Personal information
- Born: 6 April 1978 (age 48) Waihi, New Zealand

Sport
- Country: New Zealand
- Turned pro: 2006
- Racquet used: Prince O3 Speedport Black

Women's singles
- Highest ranking: 22 (August 2008)
- Titles: Finland Open, Vietnam Open, Welsh Open
- Tour finals: Los Angeles Open, New Zealand Championships, Toronto Open

Medal record
Women's squash
Representing New Zealand
World Team Championships
| Bronze medal – third place | 2004 Amsterdam | Team |
World Doubles Championships
| Silver medal – second place | 2004 Chennai | Doubles |

= Louise Crome =

New Zealand squash player (born 1978)

Louise Crome (born 6 April 1978, in Waihi, New Zealand) is a New Zealand former professional squash player.
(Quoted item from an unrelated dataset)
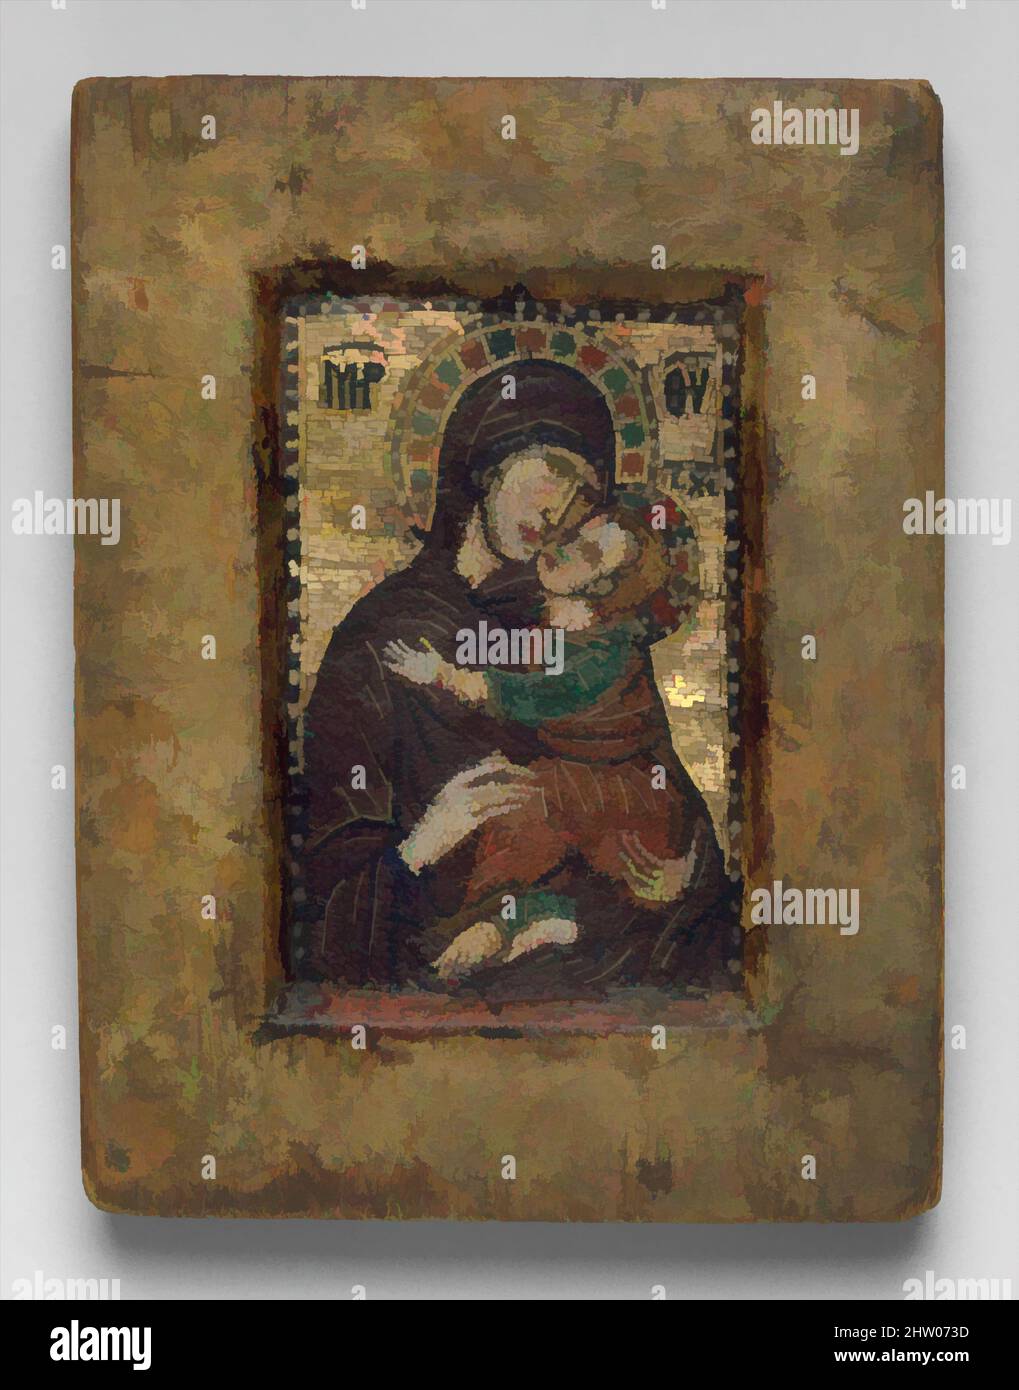 Art inspired by Portable Icon with the Virgin Eleousa, early 1300s, Made in probably Constantinople, Byzantine, Miniature mosaic set in wax on wood panel, with gold, multicolored stones, and gilded copper, Overall: 4 7/16 x 3 3/8 x 1/2 in. (11.2 x 8.6 x 1.3 cm), Mosaics, Images of the, Classic works modernized by Artotop with a splash of modernity. Shapes, color and value, eye-catching visual impact on art. Emotions through freedom of artworks in a contemporary way. A timeless message pursuing a wildly creative new direction. Artists turning to the digital medium and creating the Artotop NFT Stock Photo

She toured for 3 years reaching a world ranking of 22. She was a member of the New Zealand Women's Team between 2004 - 2008 and won titles in Finland, Vietnam and Welsh Opens, and second place in Mexico, Los Angeles, Toronto Opens and New Zealand Championships.

In 2004, Crome won silver in the women's doubles event at the World Doubles Squash Championships, partnering Lara Petera. In 2006, Petera and Crome won bronze at the World Doubles Championships and later that year she represented New Zealand at the 2006 Commonwealth Games at Melbourne.

Crome graduated from the University of Auckland with a Bachelor of Commerce in Information Systems and a Masters of Business Administration with distinction from Victoria University of Wellington.

She is married to the former politician and former ACT New Zealand party leader Rodney Hide.